Original GlobalStd algorithm only use mass to charge ratio and retention time of peaks to select independent peaks. However, if intensity data across samples are available, correlation coefficient of paired ions could be used to further filter the random noise in high frequency PMDs. You could set up cutoff of Pearson Correlation Coefficient between peaks to refine the peaks selected by GlobalStd within same retention time groups. In this case, the numbers of selected independent peaks will be further reduced. When you use this parameter, make sure the intensity data are from real samples instead of blank samples, which will affect the calculation of correlation coefficient.

std2 <- getstd(pmd,corcutoff = 0.9)
#> 8 retention group(s) have single peaks. 14 23 32 33 54 55 56 75
#> 23 group(s) with multiple peaks while no isotope/paired relationship 2 4 5 7 8 10 11 15 18 26 35 39 41 42 49 50 59 62 68 69 70 72 73
#> 14 group(s) with multiple peaks with isotope without paired relationship 9 12 22 24 27 28 34 51 52 57 60 64 66 71
#> 3 group(s) with paired relationship without isotope 1 53 74
#> 27 group(s) with paired relationship and isotope 3 6 13 16 17 19 20 21 25 29 30 31 36 37 38 40 43 44 45 46 47 48 58 61 63 65 67
#> 120 std mass found.

Validation by principal components analysis(PCA)

You need to check the GlobalStd algorithm’s results by principal components analysis(PCA). If we removed too much peaks containing information, the score plot of reduced data set would show great changes.

library(enviGCMS)
par(mfrow = c(2,2),mar = c(4,4,2,1)+0.1)
plotpca(std$data,lv = as.numeric(as.factor(std$group$sample_group)),main = "all peaks")
plotpca(std$data[std$stdmassindex,],lv = as.numeric(as.factor(std$group$sample_group)),main = paste(sum(std$stdmassindex),"independent peaks"))
plotpca(std2$data[std2$stdmassindex,],lv = as.numeric(as.factor(std$group$sample_group)),main = paste(sum(std2$stdmassindex),"reduced independent peaks"))

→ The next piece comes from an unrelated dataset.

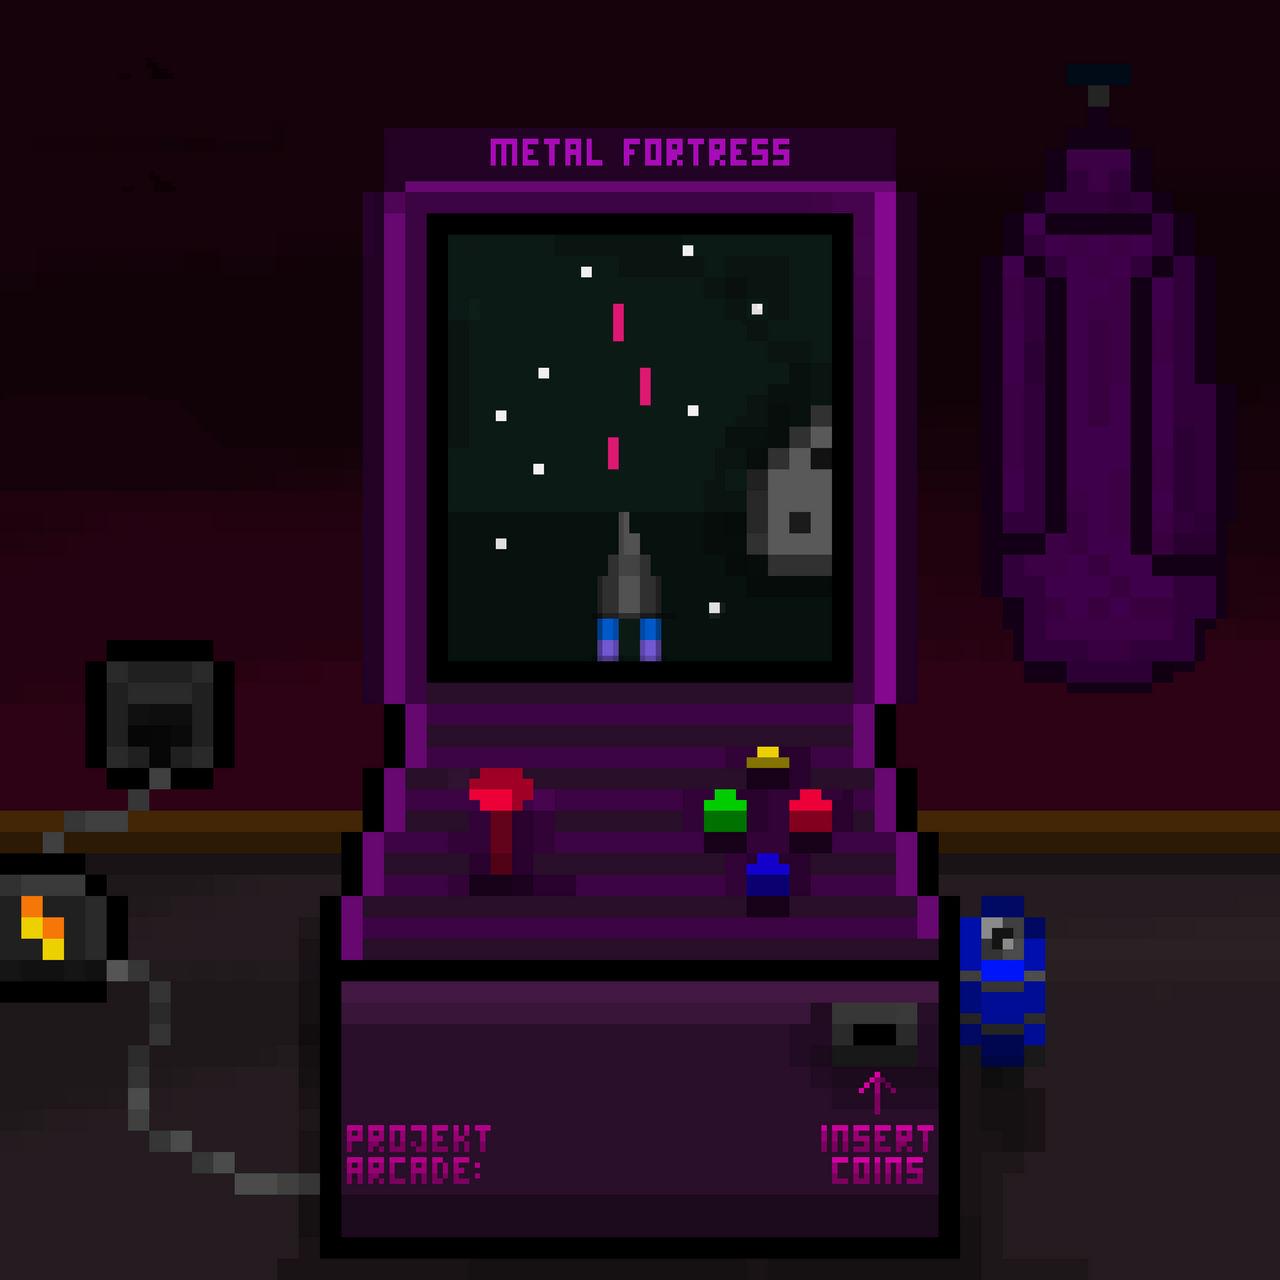 Album Art - Projekt Arcade Insert Coins

You might find original GlobalStd algorithm show a similar PCA score plot with original data while GlobalStd algorithm considering intensity data seems change the profile. The major reason is that correlation coefficient option in the algorithm will remove the paired ions without strong correlation. It will be aggressive to remove low intensity peaks, which are vulnerable by baseline noise. However, such options would be helpful if you only concern high quality peaks for following analysis. Otherwise, original GlobalStd will keep the most information for explorer purpose.

Comparison with other pseudo spectra extraction method

GlobalStd algorithm in pmd package could be treated as a method to extract pseudo spectra. You could use getcluster to get peaks groups information for all GlobalStd peaks. This function would consider the merge of GlobalStd peaks when certain peak is involved in multiple clusters. Then you could choose export peaks with the highest intensities or base peaks in each GlobalStd merged peaks groups. Meanwhile, you could also include the correlation coefficient cutoff to further improve the data quality.

stdcluster <- getcluster(std)
# extract pseudospectra for std peak 71
idx <- unique(stdcluster$cluster$largei[stdcluster$cluster$i==71])
plot(stdcluster$cluster$mz[stdcluster$cluster$largei==idx],stdcluster$cluster$ins[stdcluster$cluster$largei==idx],type = 'h',xlab = 'm/z',ylab = 'intensity',main = 'pseudo spectra for GlobalStd peak 71')

# export peaks with the highest intensities in each GlobalStd peaks groups.
data <- stdcluster$data[stdcluster$stdmassindex2,]
# considering the correlation coefficient cutoff
stdcluster2 <- getcluster(std, corcutoff = 0.9)
# considering the correlation coefficient cutoff for both psedospectra extraction and GlobalStd algorithm
stdcluster3 <- getcluster(std2, corcutoff = 0.9)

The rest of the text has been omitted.